Wir werden die Verwendung dieser Formel anhand eines Beispiels veranschaulichen. Angenommen, wir erhalten den folgenden Satz gepaarter Daten:
(1, 2), (2, 3), (3, 7), (3, 6), (4, 9), (5, 9)
Durch die Verwendung von Software können wir sehen, dass die Regressionsgerade der kleinsten Quadrate ist y = 2x. Wir werden dies verwenden, um Werte für jeden Wert von vorherzusagen x.
Zum Beispiel, wenn x = 5 sehen wir, dass 2 (5) = 10. Dies gibt uns den Punkt entlang unserer Regressionslinie, der ein hat x Koordinate von 5.
Berechnung des Residuums an den Punkten x = 5 subtrahieren wir den vorhergesagten Wert von unserem beobachteten Wert. Seit der y Die Koordinate unseres Datenpunktes war 9, dies ergibt einen Rest von 9 - 10 = -1.

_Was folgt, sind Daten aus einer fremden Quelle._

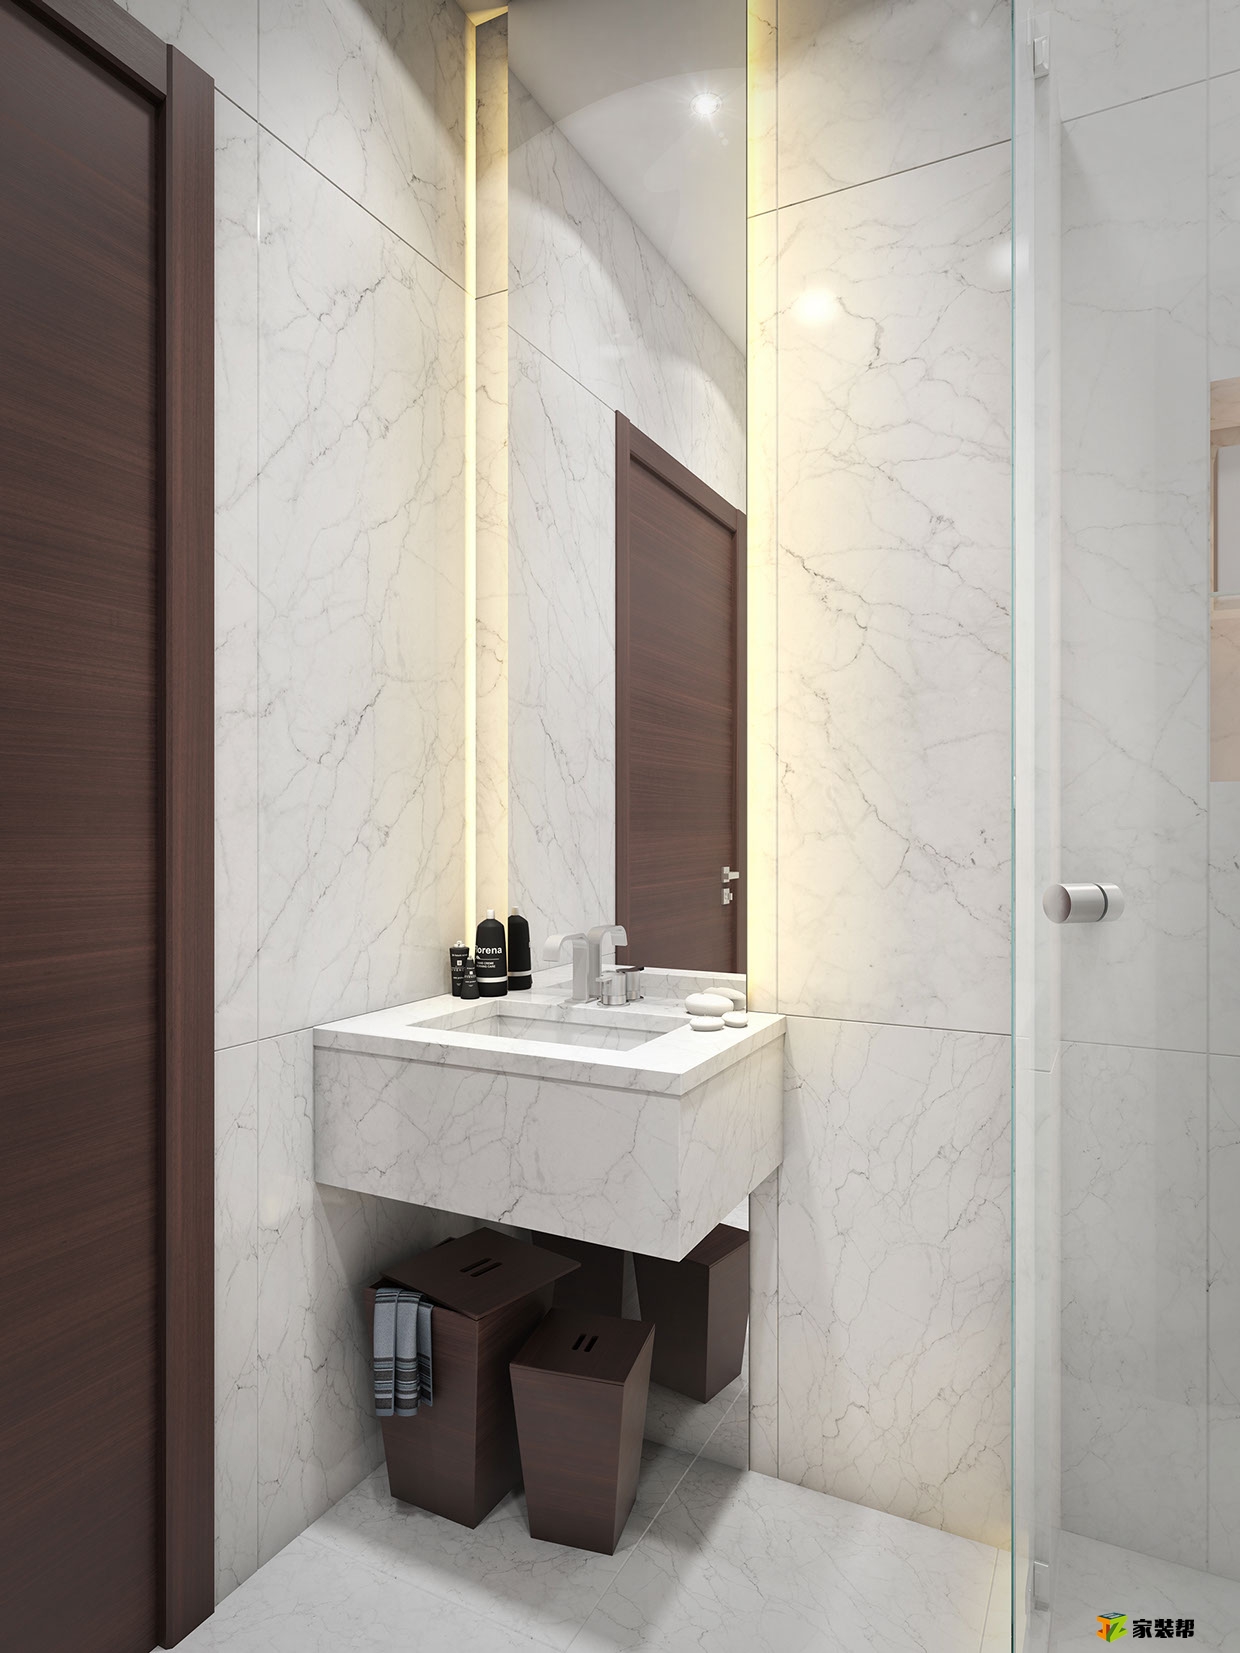 4-marble-bathroom

In der folgenden Tabelle sehen wir, wie alle unsere Residuen für diesen Datensatz berechnet werden:
X | Y beobachtet | Vorausgesagt y | Restwert |
1 | 2 | 2 | 0 |
2 | 3 | 4 | -1 |
3 | 7 | 6 | 1 |
3 | 6 | 6 | 0 |
4 | 9 | 8 | 1 |
5 | 9 | 10 | -1 |
Nachdem wir ein Beispiel gesehen haben, gibt es ein paar Merkmale von Residuen zu beachten:
Es gibt verschiedene Verwendungen für Residuen. Eine Möglichkeit besteht darin, zu ermitteln, ob ein Datensatz einen linearen Gesamttrend aufweist oder ob ein anderes Modell in Betracht gezogen werden sollte. Der Grund dafür ist, dass Residuen dabei helfen, nichtlineare Muster in unseren Daten zu verstärken. Was beim Betrachten eines Streudiagramms möglicherweise schwierig zu erkennen ist, lässt sich durch Untersuchen der Residuen und eines entsprechenden Residuendiagramms leichter beobachten.
Ein weiterer Grund, Residuen zu berücksichtigen, besteht darin, zu überprüfen, ob die Bedingungen für die Inferenz für die lineare Regression erfüllt sind. Nach Überprüfung eines linearen Trends (durch Überprüfen der Residuen) überprüfen wir auch die Verteilung der Residuen. Um eine Regressionsinferenz durchführen zu können, möchten wir, dass die Residuen um unsere Regressionslinie ungefähr normalverteilt sind. Ein Histogramm oder ein Stemplot der Residuen hilft zu überprüfen, ob diese Bedingung erfüllt ist.